Question

Find the points of intersection of the polar graphs. \(r=\sin \theta\) and \(r=\sqrt{3}+3 \sin \theta\) on \([0,2 \pi]\)

Short answer

The points of intersection are at \(\theta = \frac{4\pi}{3}\) and \(\theta = \frac{5\pi}{3}\).

Step-by-step solution

Equating the Equations

Set the two given polar equations equal to each other, since we need to find their points of intersection. This means that wherever they intersect, their radii should be equal. So, we solve the equation: \( \sin \theta = \sqrt{3} + 3 \sin \theta \).

Solve for \( \sin \theta \)

Subtract \(3 \sin \theta\) from both sides of the equation to isolate \(\sin \theta\): \( \sin \theta - 3 \sin \theta = \sqrt{3} \). Simplifying this gives \( -2 \sin \theta = \sqrt{3} \).

Solve for \( \theta \)

Divide both sides by \(-2\): \( \sin \theta = -\frac{\sqrt{3}}{2} \). Recall the unit circle: \(\sin \theta = -\frac{\sqrt{3}}{2}\) corresponds to angles in the third and fourth quadrants. Thus, the solutions in the interval \([0, 2\pi]\) are \(\theta = \frac{4\pi}{3}\) and \(\theta = \frac{5\pi}{3}\).

Verify the Range

Check that both \(\theta = \frac{4\pi}{3}\) and \(\theta = \frac{5\pi}{3}\) are within the specified range \([0, 2\pi]\). Both values fall within this interval and are valid solutions.

Key concepts

Points of Intersection

To determine the points of intersection for the polar equations, we identify where the radii of both graphs are the same. This implies solving for common values of \(r\) given the same angle \(\theta\). When working with polar equations, finding intersections involves equating the two functions, as any overlap implies equal distance from the origin in the same direction.
For the equations \(r = \sin \theta\) and \(r = \sqrt{3} + 3 \sin \theta\), we begin by setting them equal since their intersection points must share the same radius:
\[ \sin \theta = \sqrt{3} + 3 \sin \theta \]
This approach results in solving the equation \(\sin \theta - 3 \sin \theta = \sqrt{3}\), which simplifies to \(-2 \sin \theta = \sqrt{3}\). Intersections are key because they visually show where two curves meet, providing insights into the behavior of the graphs in their polar form.

Unit Circle

The unit circle is a fundamental concept in trigonometry, serving as a reference for determining angle measures associated with specific trigonometric values. It is especially useful when solving problems involving sine, cosine, and tangent functions.

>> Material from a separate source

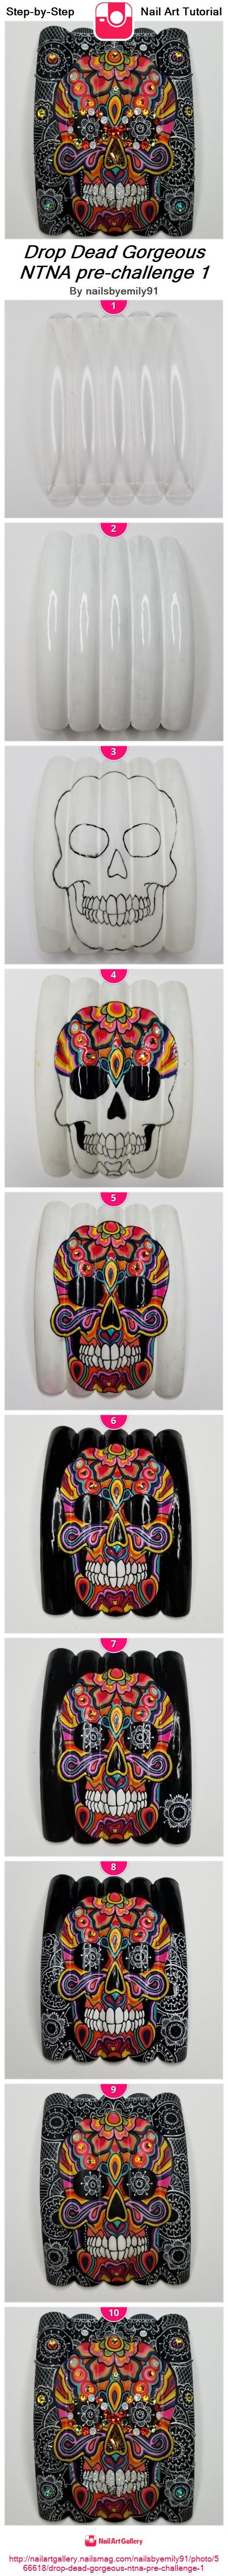 Drop Dead Gorgeous NTNA pre-challenge 1 - Nail Art Gallery

In the context of the exercise, the unit circle helps us find the angle \(\theta\) that corresponds to \(\sin \theta = -\frac{\sqrt{3}}{2}\). On the unit circle, this value of sine typically corresponds to angles located in the third and fourth quadrants:

• Third quadrant: \(\theta = \frac{4\pi}{3}\)
• Fourth quadrant: \(\theta = \frac{5\pi}{3}\)

These angles are critical for verifying intersection points within the given interval of \([0, 2\pi]\). The unit circle provides a visual and geometric perspective that enhances understanding of trigonometric solutions.

Polar Equations

Polar equations describe curves on the polar coordinate plane, using radius \(r\) and angle \(\theta\) as their primary variables. They provide an alternative view compared to the Cartesian system, often simplifying the representation of curves like spirals, circles, and roses.

To interpret the polar equations \(r = \sin \theta\) and \(r = \sqrt{3} + 3 \sin \theta\), recognize that these equations express a relationship between the angle \(\theta\) and the distance from the origin, \(r\).

• The first equation \(r = \sin \theta\) describes a simple polar curve, potentially a circle with a shifted center or a limaçon.
• The second equation involves a scaling and shifting effect because of the constants \(\sqrt{3}\) and \(3\), introducing complexity to the graph.

Understanding these equations enables you to explore the geometry of shapes and their intersections in a way that's more intuitive than merely using rectangular coordinates.